I crossed the street at Checkpoint Charlie, wondering how I could explain my now very late arrival at the barrier. As I began to speak, the soldier there stopped me, gently, and asked if I had enough money to take a taxi home (rather than the subway). He stated, “You have had quite a night; get home safely.” I was grateful for this extraordinary kindness.

I allowed time to pass before crossing over into East Berlin again, but indeed, I did return. On one occasion, when our new student pals from the east accompanied those of us who had visited as far as they were allowed to go, we talked for a moment through the chain-link fence that held them on that side of the divide. I suppose I must have been a bit teary-eyed by the time we reached the crossing. One of the West Berlin soldiers looked at me and said, “Sie Konnen nichts dafur,” meaning, “you cannot do anything about this”!

I remained in Berlin for three years, always with the freedom to pursue my recital performances as well as those with orchestra all over Europe, and after a short while in the States, as well.

The opera house had more than eighty operas in its repertoire, providing me the opportunity to see performances that I could not have seen in the States.
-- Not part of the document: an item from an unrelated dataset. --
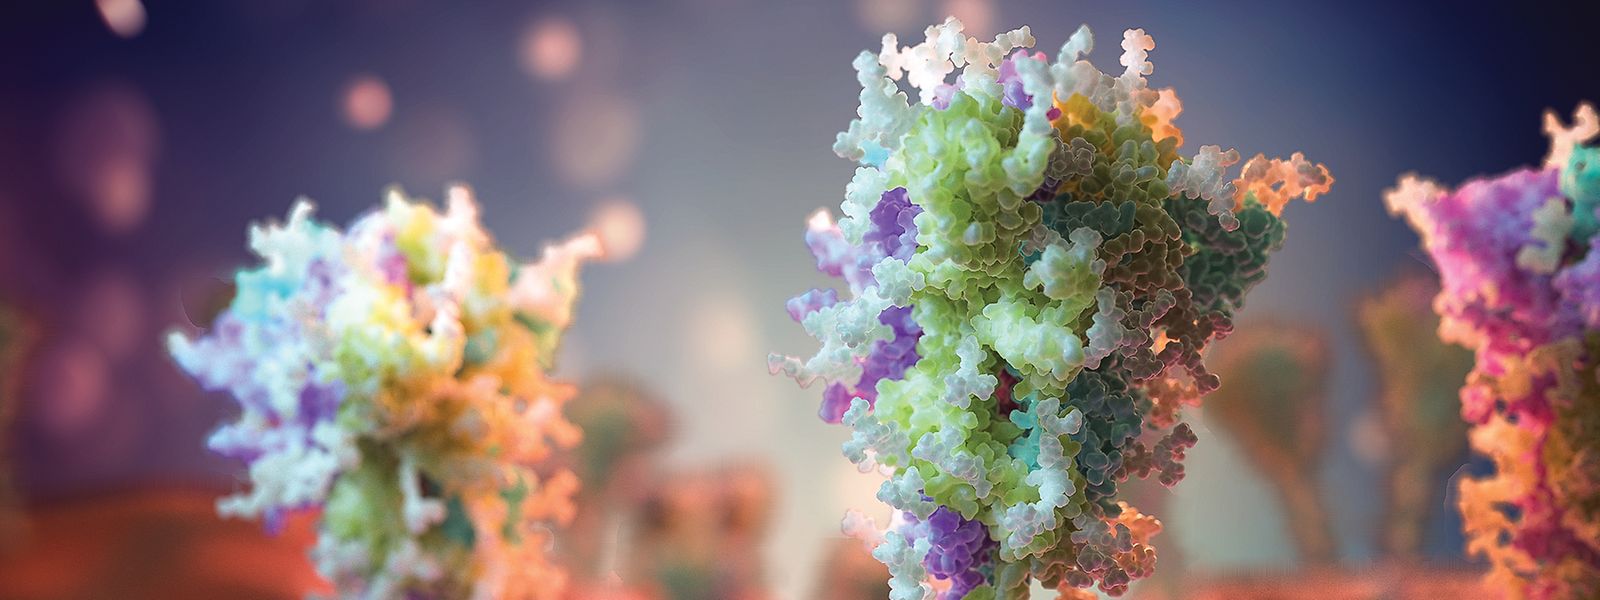 Merveilleux spectacle de cellules en mode résistance face au virus, image captée par l'université de Southampton.

My first acquaintance with the operas of Leoš Janáček, for example, came in Berlin. It would take another decade for these operas to be presented in England and in America.

I was still a relative neophyte, however, and I was being offered roles that were not suited to my still-developing vocal apparatus and artistic acumen. After a time, it became clear to me that in order to preserve my chances of singing for the long haul, I had to gather the courage of youth and take matters into my own hands. I presented myself in the office of Professor Seefehlner one autumn morning.

I thanked him for the trust he had placed in me in bringing me to Berlin and allowing me the experience of a lifetime: to learn, to hear music of the highest level, both at the opera house and over at the Philharmonie, with Herbert von Karajan and that rather fabulous band of his, as well as being able to go across the road to the Schiller Theater and listen to German that was so beautifully spoken, it was hard to imagine that the plays of Shakespeare had not been written in that language.

The great opera director Walter Felsenstein was at the time working magic on the opera stage in East Berlin. All of this was there for me, providing an unrivaled arts education.

But then, because I had no one to do this on my behalf, I stated that I thought it wise for me, best for me, to leave the opera house for a few years and seek further vocal development, in order to return to the opera stage when in my thirties.

In my mind, it seemed a reasonable plan. Professor Seefehlner was not unkind—but he was not as taken with the idea as I, and did not hesitate to say as much.

He wished me well; I took my leave.

One of the things that gave me great comfort in this fairly major career decision was something that a very famous colleague of mine had said to me only a few months prior. I will not embarrass her by mentioning her name, but the advice is unforgettable. I had the great pleasure of working with her on a recording. In the various breaks, we had time for conversation; I treasured these moments. One day she said, “I wish to say something to you that I trust you will remember always.” Looking me straight in the eyes, out of earshot of all our other colleagues, she continued. “Remember always, you are the only person in the world who will look after your voice. I want you to promise me that this is what you are going to do. You are the only one who does not have an agenda for your voice that has nothing to do with your vocal preparedness at this time in your young life. You are the only one who will care for your voice in the way that it needs. You are the only one who can say no. No, my dear, is a complete sentence.”